Cannot scrape phone numbers from the site.

Selected Element Attribute, and from site's Elements preview, found the "phone-content" is storing full phone info but when selected, data output is still NULL.

Could you help me figuring out how to extract full numbers from the site as well emails and website urls?

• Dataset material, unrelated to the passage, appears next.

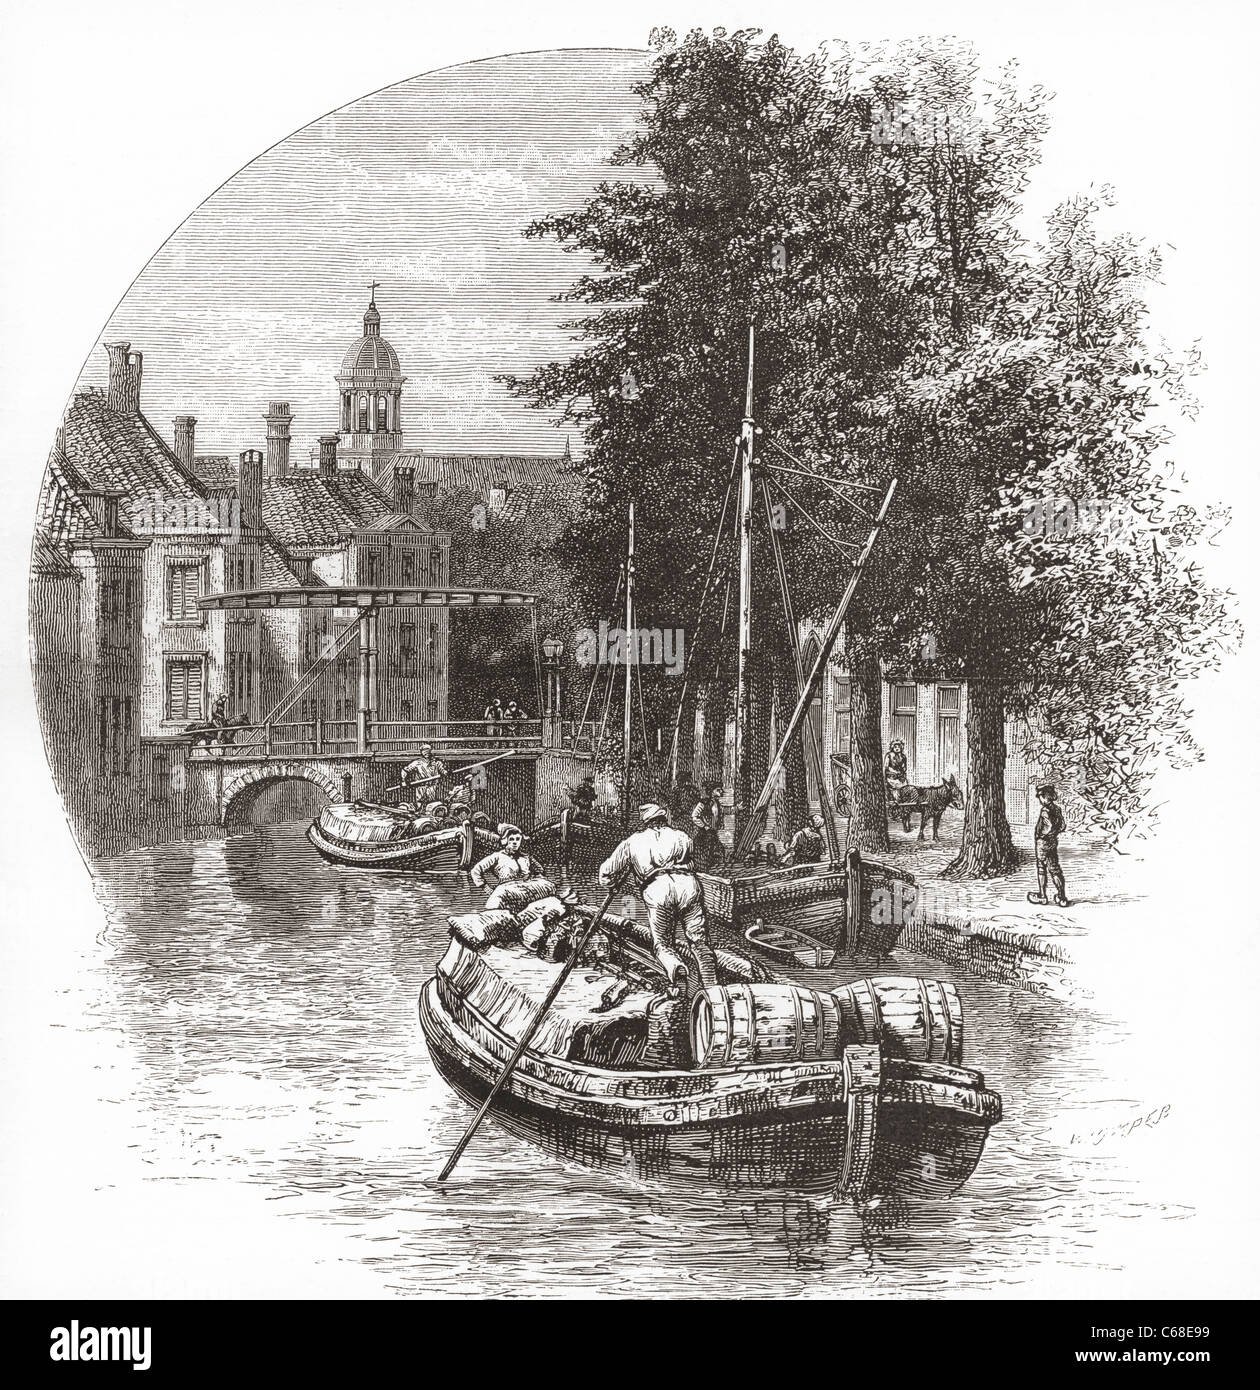 Leiden, Olanda meridionale, Paesi Bassi nel XIX secolo. Foto Stock

Url: https://www.pkt.pl/szukaj/geodezja/warszawa

Sitemap:

{"_id":"pkt_geodezja","startUrl":["Najlepszy geodeta w lokalizacji warszawa"],"selectors":[{"id":"name","type":"SelectorText","parentSelectors":["_root"],"selector":".company name • Geodezja • Geodeci • pkt.pl a","multiple":true,"regex":"","delay":0},{"id":"phone","type":"SelectorElementAttribute","parentSelectors":["_root"],"selector":"span.call-text","multiple":true,"extractAttribute":"phone-content","delay":0}]}

Hi @Uzhipius

I would suggest using an element selector with "multiple" option checked for each of the companies - div.box-content and set it as a "parent" for the name - .company-name a and phone(element attribute - div.call--phone a with attribute name - data-phone)

Sitemap example:

{"_id":"pkt_geodezja","startUrl":["https://www.pkt.pl/szukaj/geodezja/warszawa"],"selectors":[{"delay":0,"id":"name","multiple":false,"parentSelectors":["wrapper"],"regex":"","selector":".company-name a","type":"SelectorText"},{"delay":0,"extractAttribute":"data-phone","id":"phone","multiple":false,"parentSelectors":["wrapper"],"selector":"div.call--phone a","type":"SelectorElementAttribute"},{"delay":0,"id":"wrapper","multiple":true,"parentSelectors":["_root"],"selector":"div.box-content","type":"SelectorElement"}]}

Hope it helps! :crossed_fingers:t6:

1 Like

Why div.call--phone a and now div.call-cell a?

When a class has two elements ie (call-cell call--phone) does it matter which one you use?